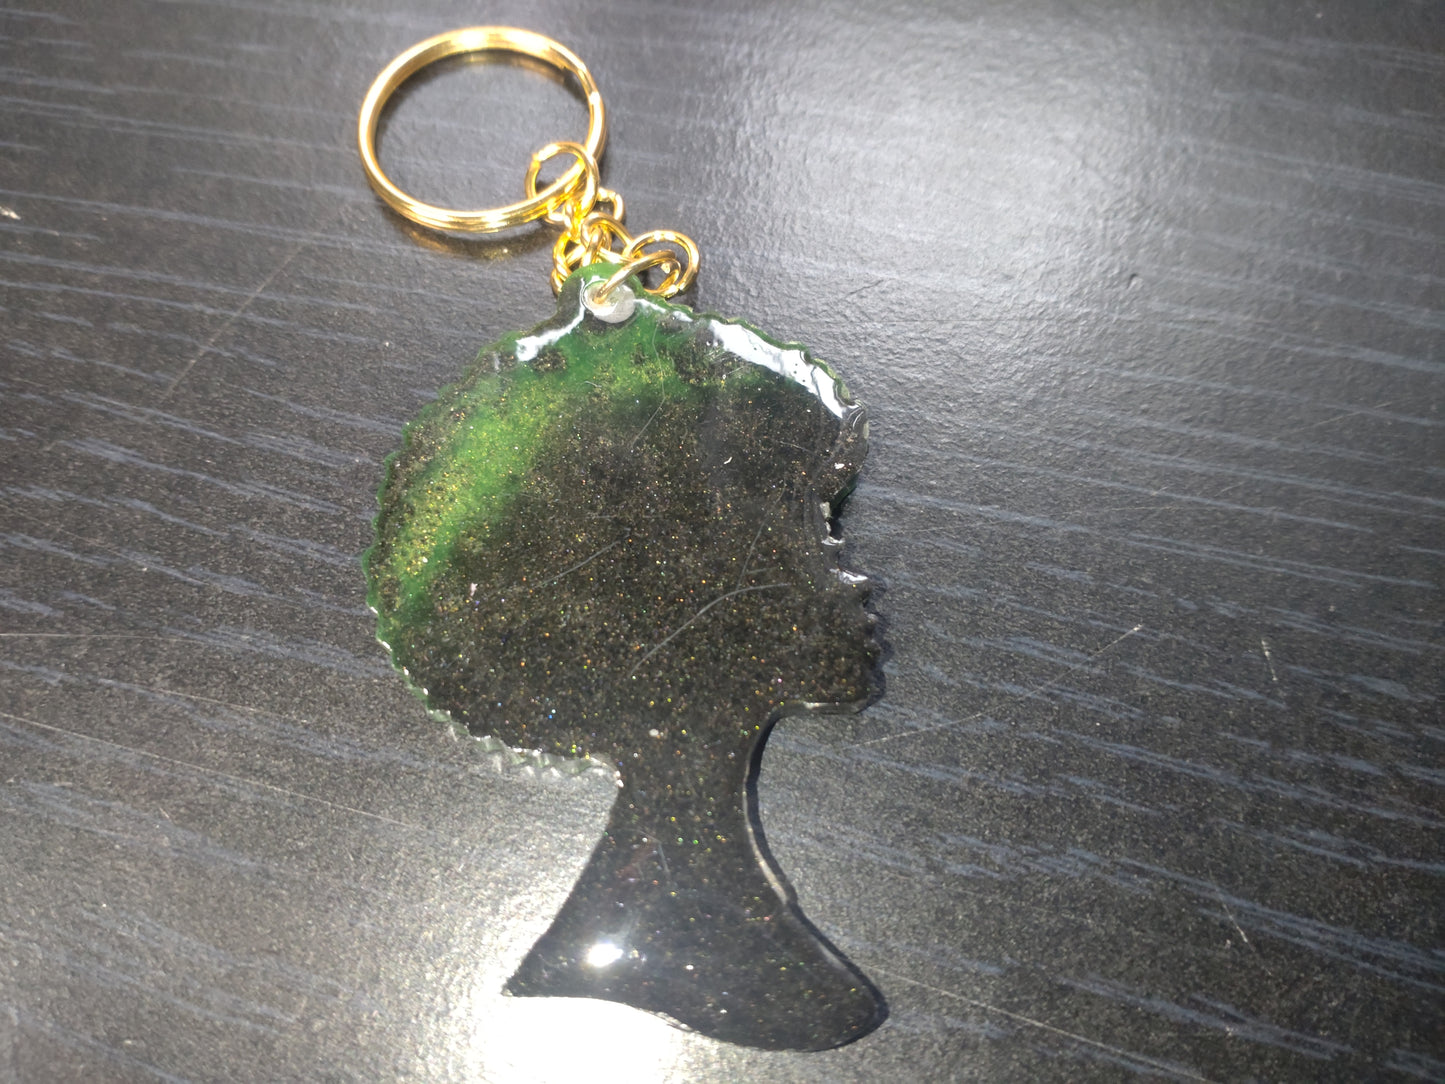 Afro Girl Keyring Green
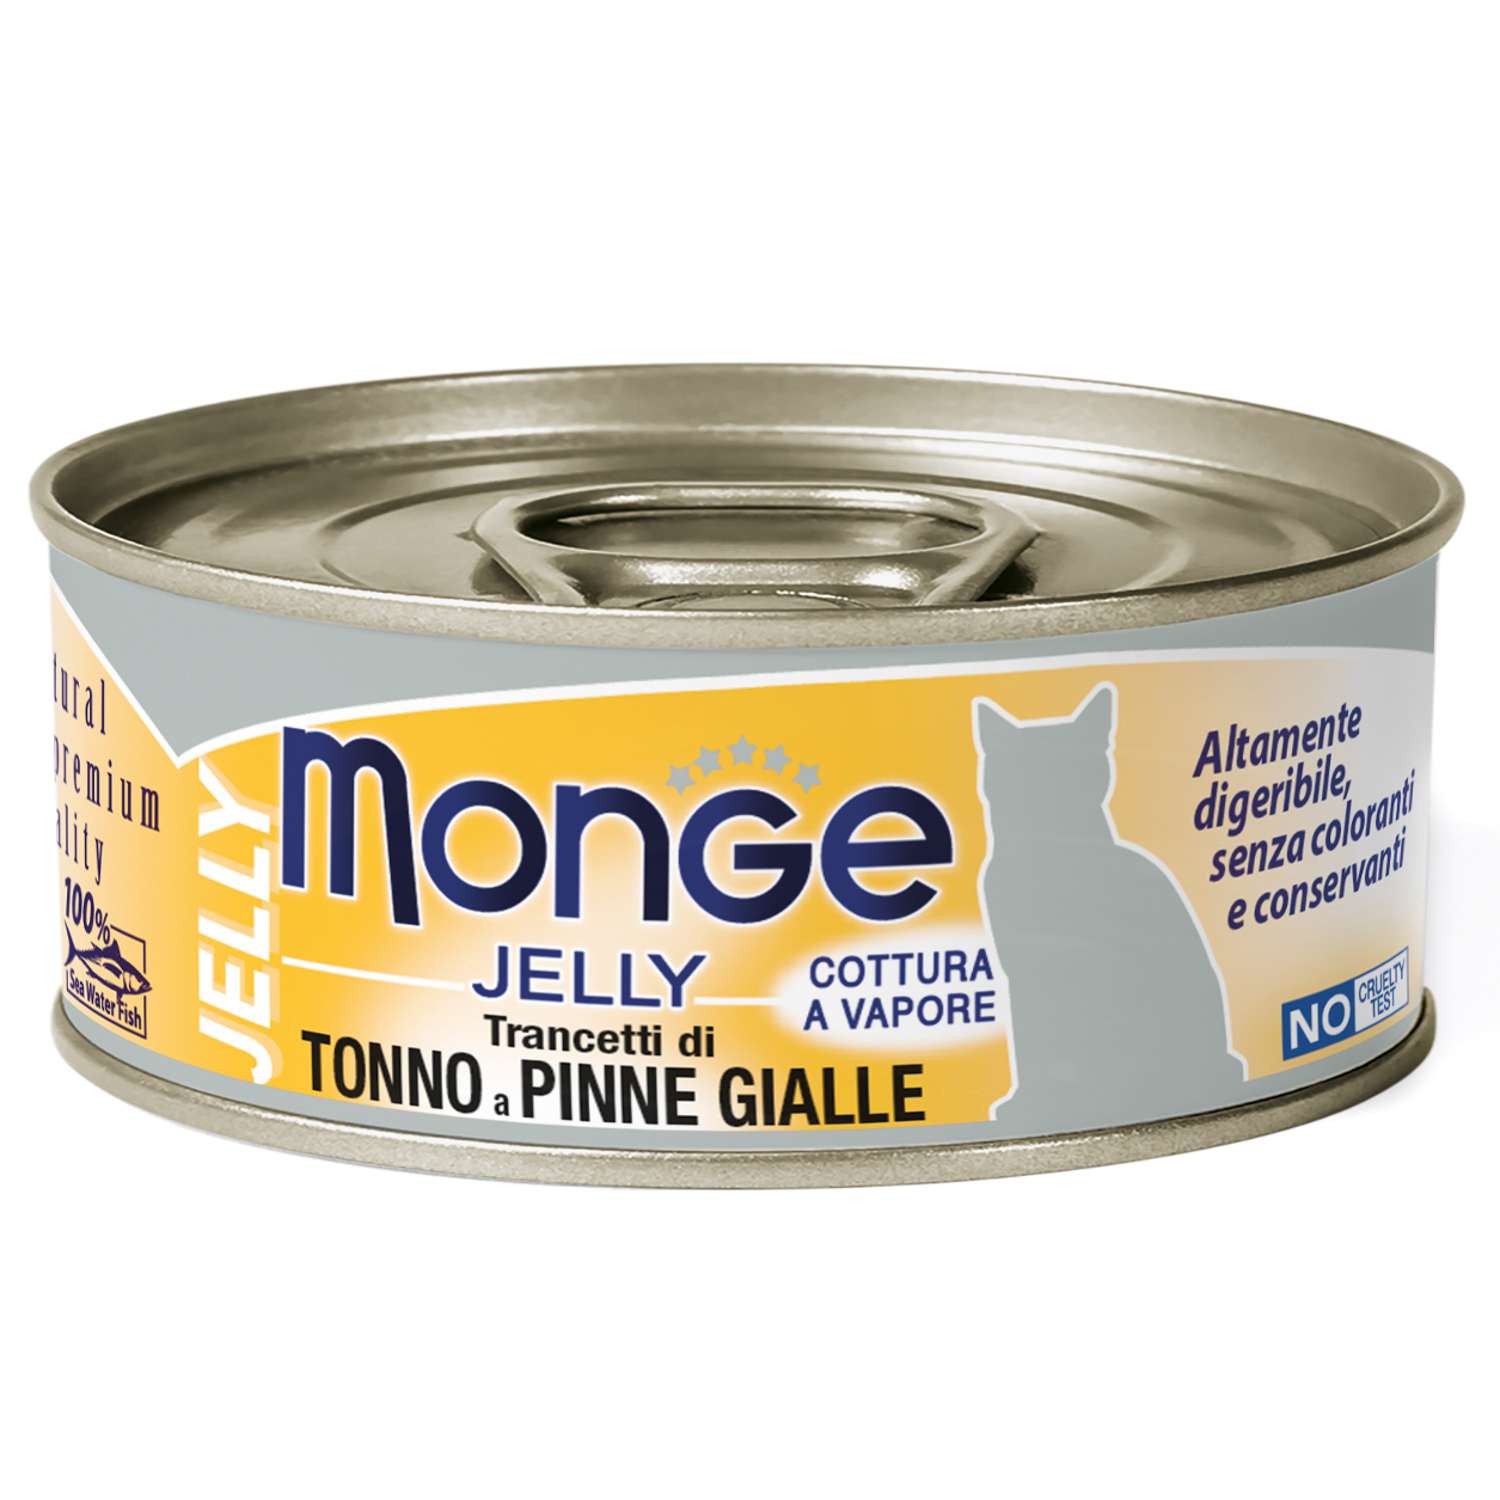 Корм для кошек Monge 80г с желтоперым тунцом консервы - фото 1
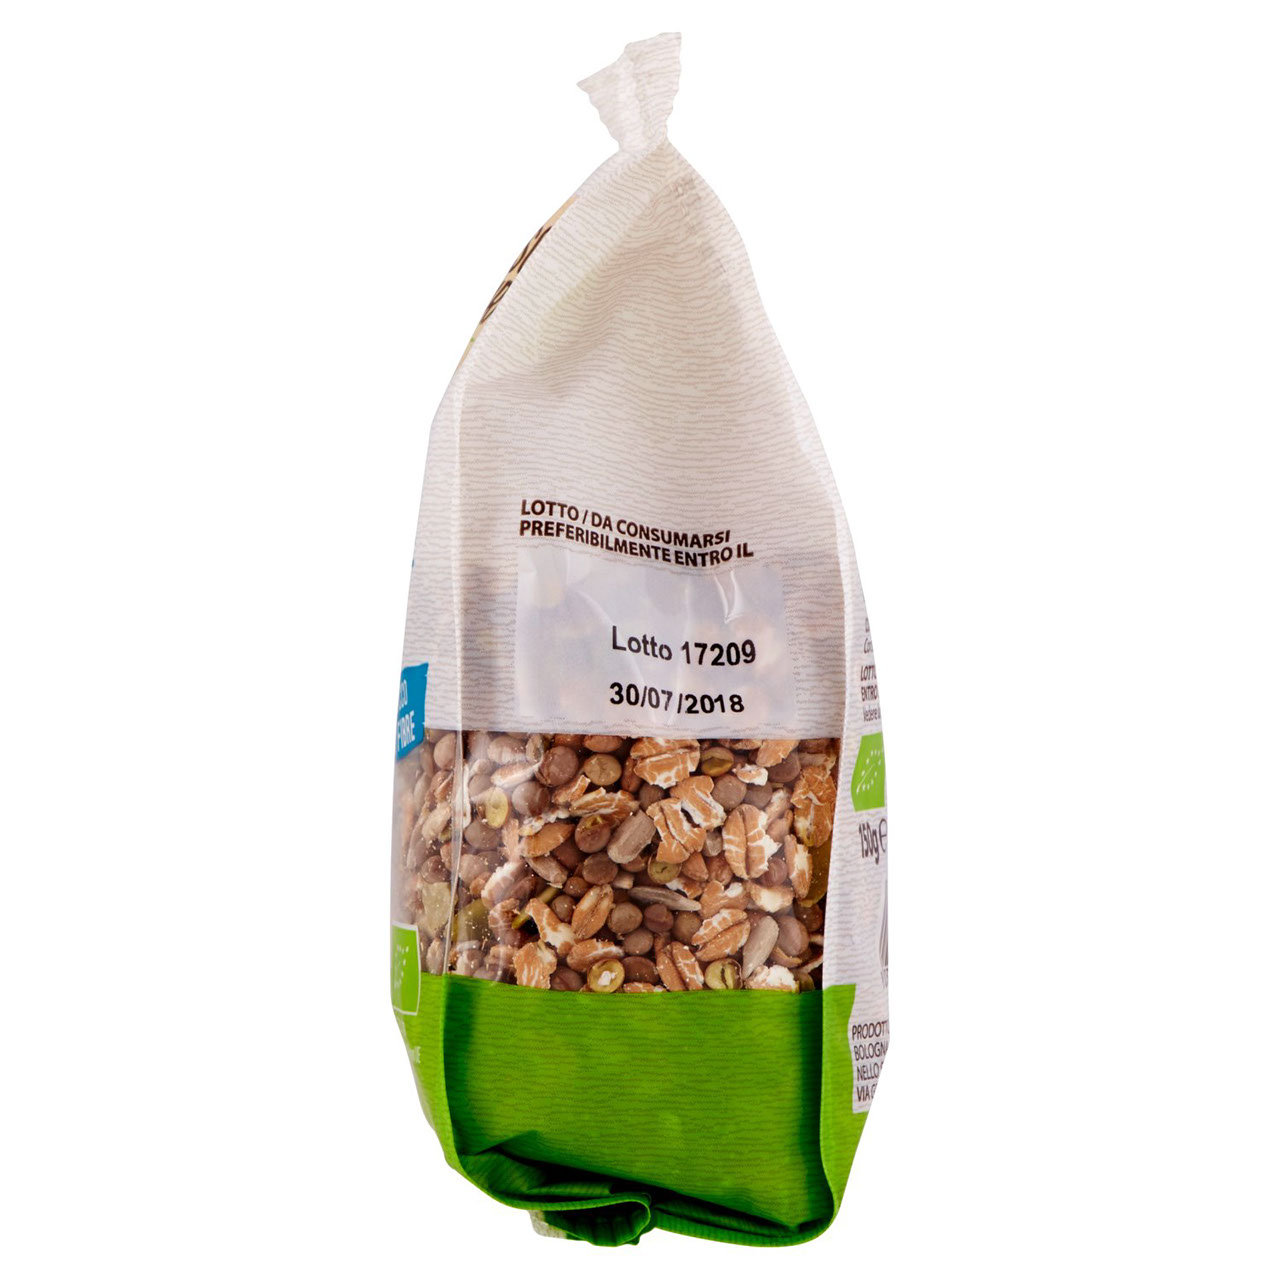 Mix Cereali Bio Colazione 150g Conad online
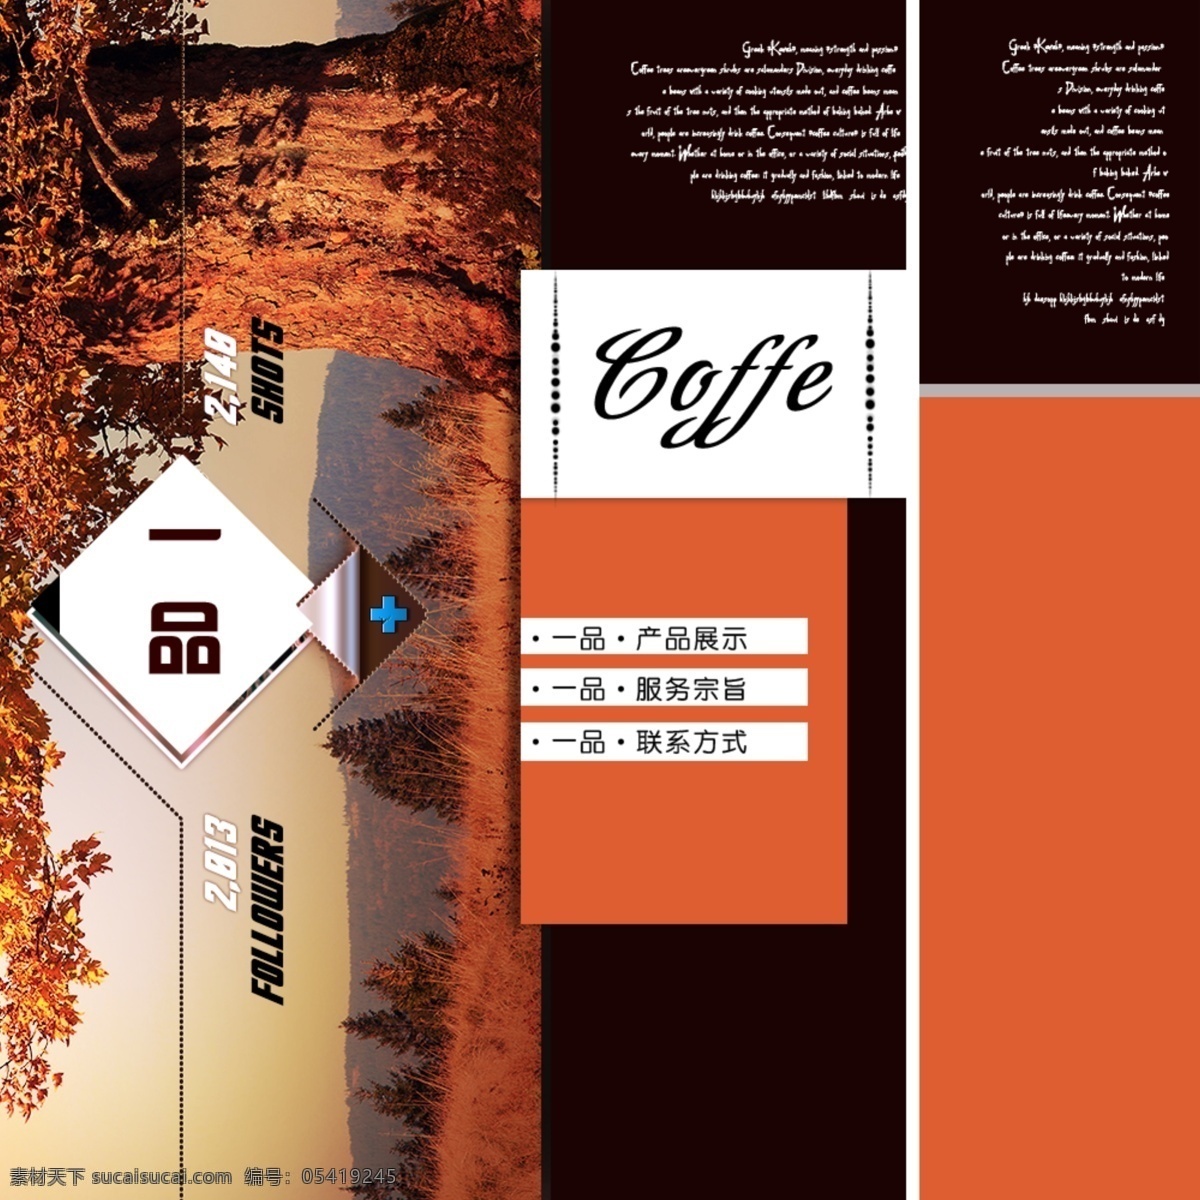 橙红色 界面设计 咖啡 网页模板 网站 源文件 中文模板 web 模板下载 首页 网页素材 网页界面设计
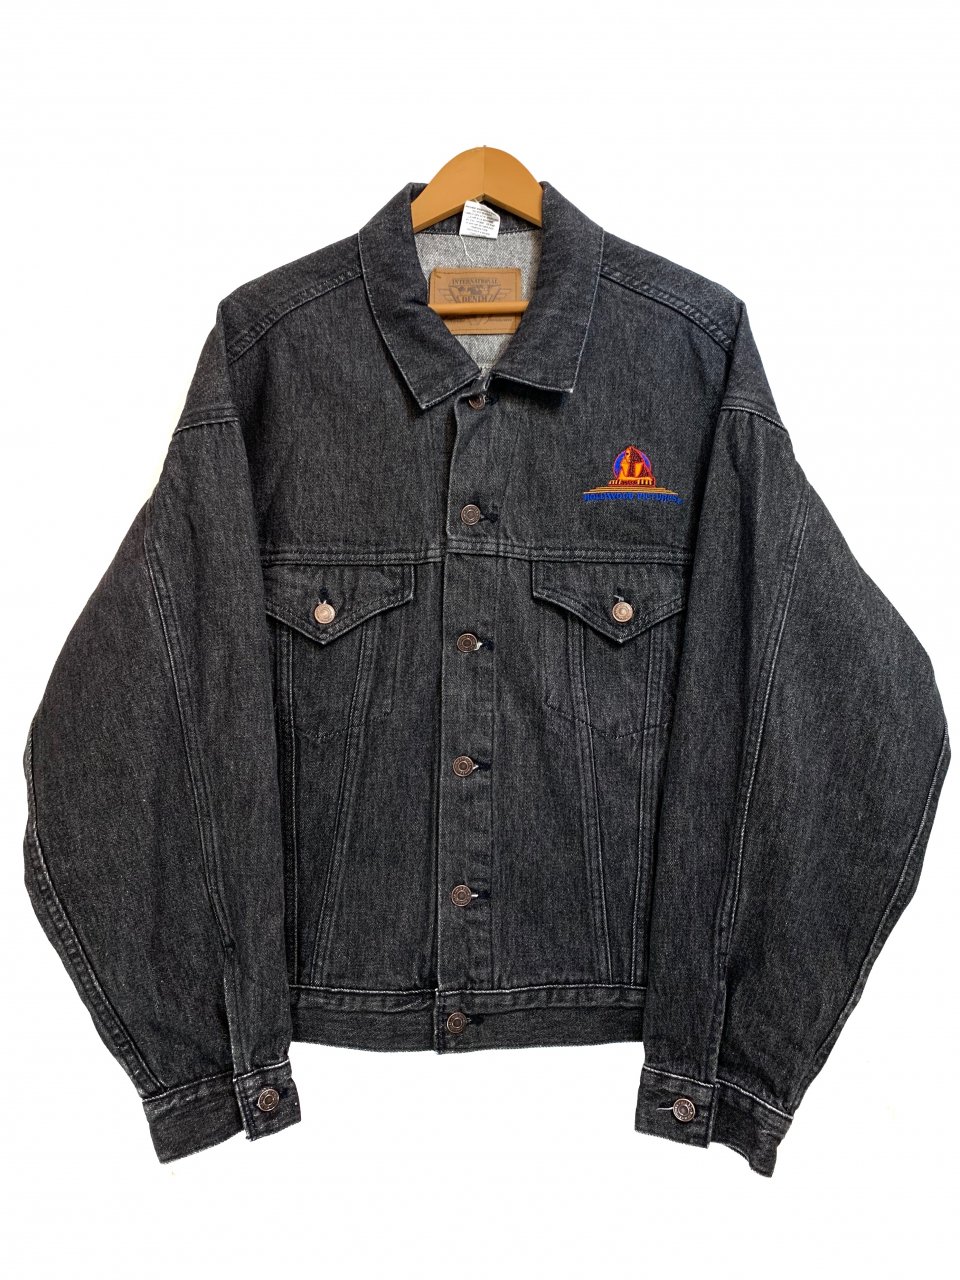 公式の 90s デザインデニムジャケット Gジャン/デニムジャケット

- - - -

» TO DO
Transcribe the full listing exactly, but keep every image out of it.

» SOLUTION TO THE PROBLEM
 Afro Girl Keyring Green
 Корм для кошек Monge 80г с желтоперым тунцом консервы - фото 1
 Mix Cereali Bio Colazione 150g Conad online
 橙红色 界面设计 咖啡 网页模板 网站 源文件 中文模板 web 模板下载 首页 网页素材 网页界面设计
 公式の 90s デザインデニムジャケット Gジャン/デニムジャケット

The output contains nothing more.